You can get some code examples of the usage of preferences, intents and the sqlite database by looking at the aegis-shield source code tree in google code or in other open source Android applications.

Answer:

After some research, it turns out that using Application to store singletons is not that great of an idea, unless you are ready to recreate it:

Don’t store data in the application object

so while the accepted answer is technically correct, it doesn’t provide all information.

As the link above suggests, if you really want to stick with that model, you need to be ready to check for null and recreate the data, if possible.

Answer:

@r1k0 is right here. Storing data in static fields of a class will not persist on its own across application process kills and restarts. Android routinely kills processes (running apps) when it needs memory.

Per the Android doc: Activity state and ejection from memory,

The system never kills an activity directly. Instead, it kills the
process in which the activity runs, destroying not only the activity
but everything else running in the process, as well.

You can save and restore the state of primitives as well Serializable and Parcelable objects using the methods below.
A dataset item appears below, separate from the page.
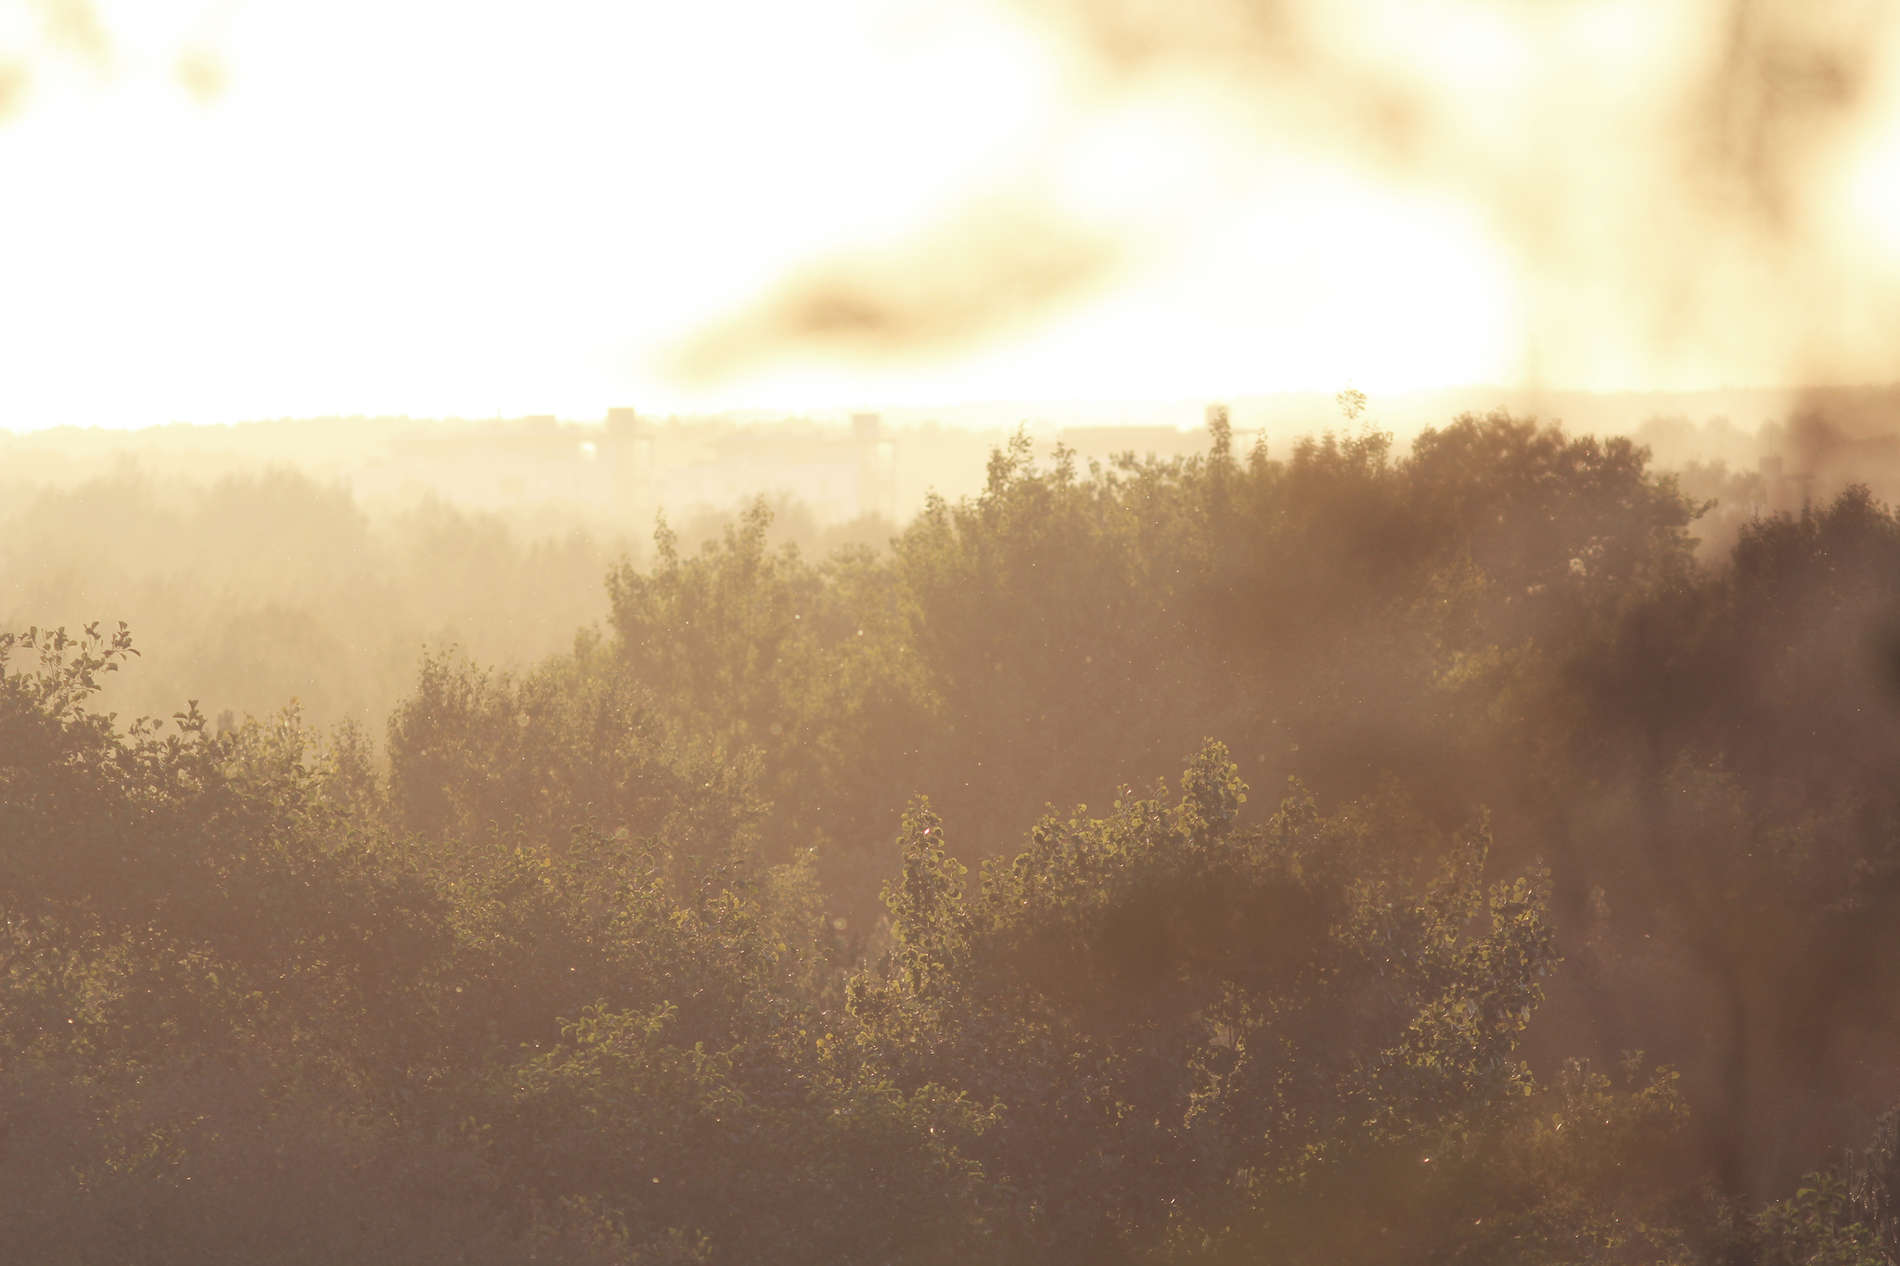 Naturschutzgebiet Nõmme-Mustamäe

These are automatically called during the normal activity lifecycle.

protected void onSaveInstanceState(Bundle state) {}
protected void onRestoreInstanceState(Bundle savedInstanceState){}

So, if you have a class that has only static variables, you can save the state of each field in onSaveInstanceState() and restore them in onRestoreInstanceState(). When Android kills the process that your app is running in, the state of your variables will be saved, and when Android restores your app, the values will be restored in memory in the same state as before.